European Elections in the UK – Who to vote for?
Posted on May 6, 2014
Who to vote for in the UK elections to the European Parliament?
This article was first published in the Huffington Post
The elections for the European Parliament are round the corner and those of us who will turn up to vote anywhere in Europe are faced with a multiplicity of choices. Who to vote for?
In the UK context, there are four choices: Ukip, Conservative, Labour or Liberal Democrat. Who should one pick? This is something I have been thinking about for some time and on which I have finally reached a conclusion.
A vote for Ukip is a vote to go backwards. Ukip stands for British isolation, xenophobia and a fractured and angry society rather than a collaborative one. The party has no European policy – just a policy to pull Britain out of the EU. The result is greater difficulty in international trade, more challenges for job creation and a withdrawal of Britain from the centre of European and international affairs. Even if one agreed with British withdrawal, that is a British question not something that can be fought for in Brussels. Ukip should therefore be contesting seats in Westminster not in Brussels. But, as Farage has clearly shown by shying away from contesting the Newark by-election, most British people shudder in horror at the idea of a Ukip MP.
As regards Europe, the Tories are not one party but two – ever at each others’ throats. One party is indistinguishable from Ukip and can be dismissed on similar grounds. The other is the party of business. This has appeal as the party that will defend the integrity of the single market and the interests of the UK within that market. However, it is a fine line between defending the interests of UK business and being captured by the interests of business and capital at the expense of the interests of the individual. The current Tories do not manage that fine line very well and tend towards being captured by the interests of capital. In the UK political context this failure has allowed Ed Milliband to make hay on issues relating to the cost of living crisis and the ever-increasing economic inequality and social exclusion. Translated to Europe, this would translate to what a French politician called “a Europe in the service of big banks and corporations.” This is not what most of us want so a Tory vote, while possible, is risky. It represents a blend of Ukip lite and the defence of vested interests.

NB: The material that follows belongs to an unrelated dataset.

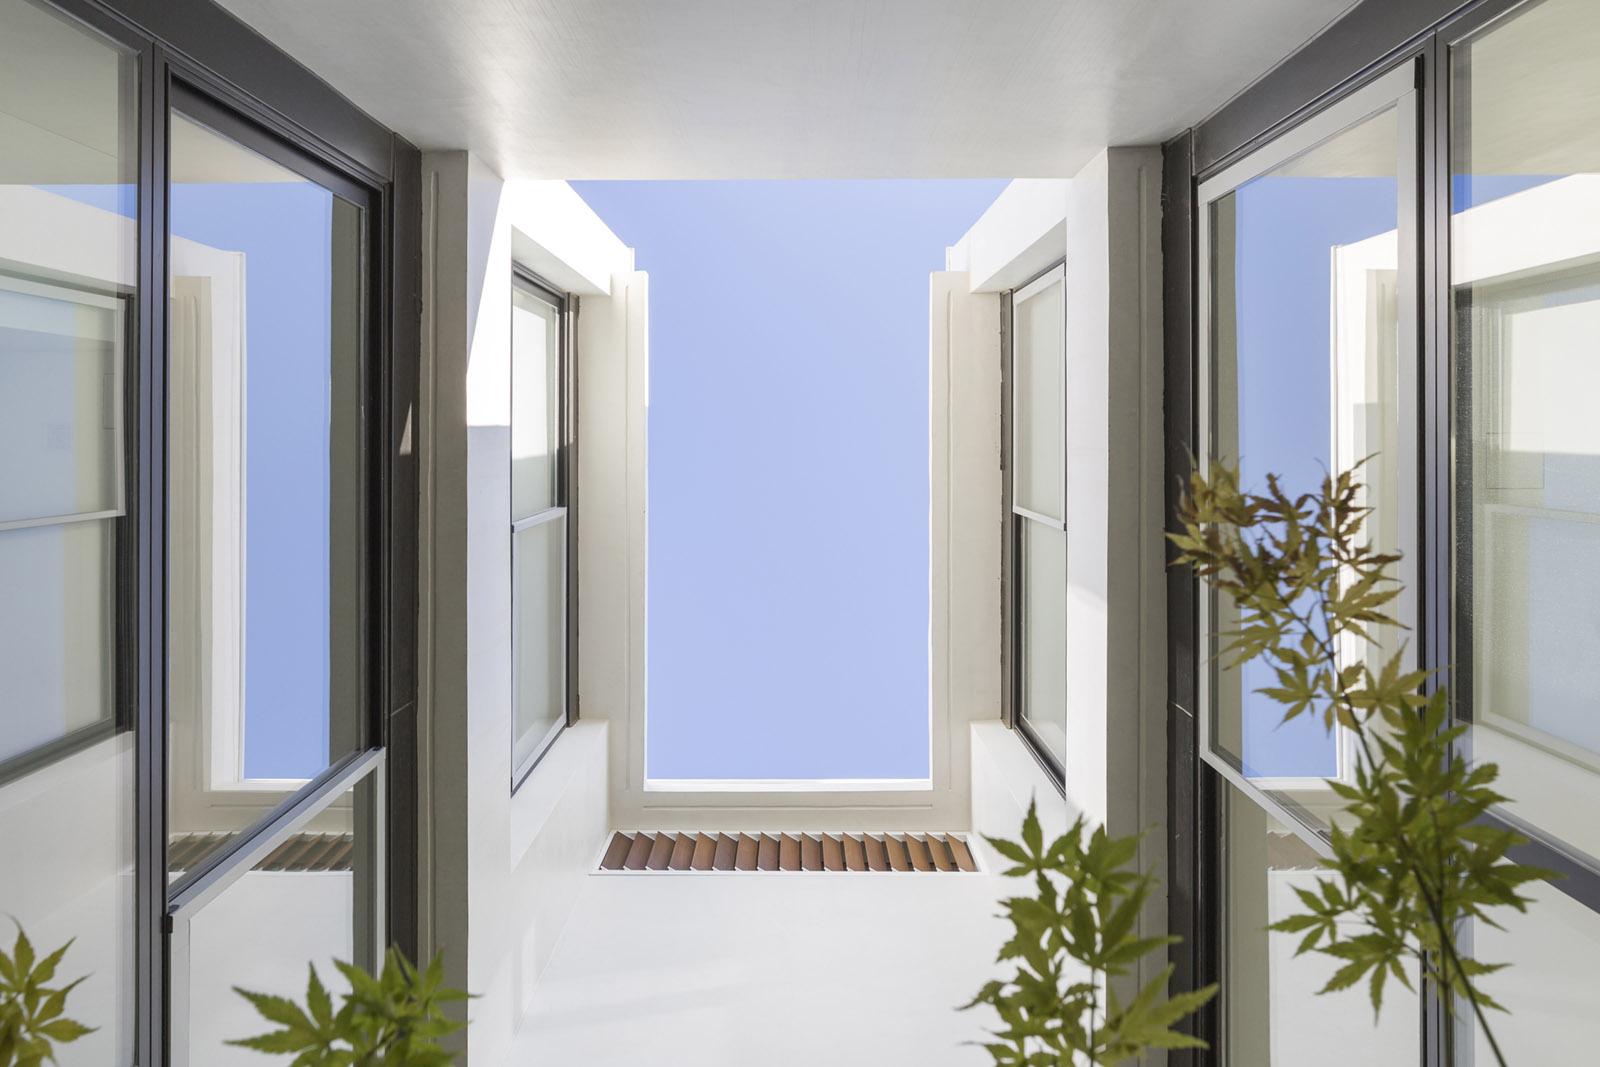 Architectural700-Interior-photographer-Madrid-Spain-.jpg

Labour have, to my knowledge, not expressed a clear vision of the Europe they would wish to construct. However, under Milliband, they have taken a clear turn to the old left – the left of big government and its interference in every aspect of business and daily life. Under Blair, they even came perilously close to joining the Euro. In the absence of a clearly expressed vision, one can only assume that a labour presence in Europe would fight for ever-increasing social legislation emanating from Brussels and imposed on the British people and the British economy. This would be more akin to the French vision of Europe than the British one. For me, a Labour vote is a no-go zone.
That leaves us with the Liberal Democrats. They are the most explicitly ‘pro-Europe’ of all the parties. By wearing their European heart on their sleeve they risk creating the perception that they will support anything that Europe does and that they will be supine in the face of continued European integration. In his debates with Farage, Clegg defended the advantages of Europe but did not put forward a vision for how to renew Europe to make it successful for the future. A vote for the Lib Dems may be a vote for the status quo – something that most people are not particularly happy with.
It’s not an easy choice. None of the parties have energized the voting public with a positive vision of Europe that many of us can buy into. In this barren landscape, the Conservatives and the Liberal Democrats are the main contenders. My choice would go against all the polls – I would pick the Liberal Democrats. Why on earth would you do that I hear you ask.
Going back to the Gladstonian foundations of Liberalism, the party today remains more than any other the party of the individual. Liberalism believes in individual freedoms, diversity, an open, internationalist outlook committed to free trade and a government that does what it has to do to maintain prosperity and social cohesion – but no more. If Lib Dem MEPs were to stick to these principles, they would fight for a Europe that values openness and collaboration and treasures individual and national liberties, not allowing them to become subsumed into a centralised bureaucracy. And, unlike the current Tory government whose first action was to isolate itself and make itself ineffective by pulling out of the conservative grouping in the European Parliament, the Lib Dems would be in a position to work towards their vision from the inside – by having the credibility to collaborate with like minded parties across the continent.
A British representation in Europe that follows Liberal principles should work towards a strong, prosperous and effective Britain in a Europe that is open, focused on the empowerment of the individual, respects and celebrates the diversity of its different nations and is not captured either by a centralised bureaucracy or by powerful vested interests. This is a vision for Europe that, I believe, most of the British people could buy into and actively support. In the words of Dutch MEP Dennis de Jong, it represents “less EU, more Europe.”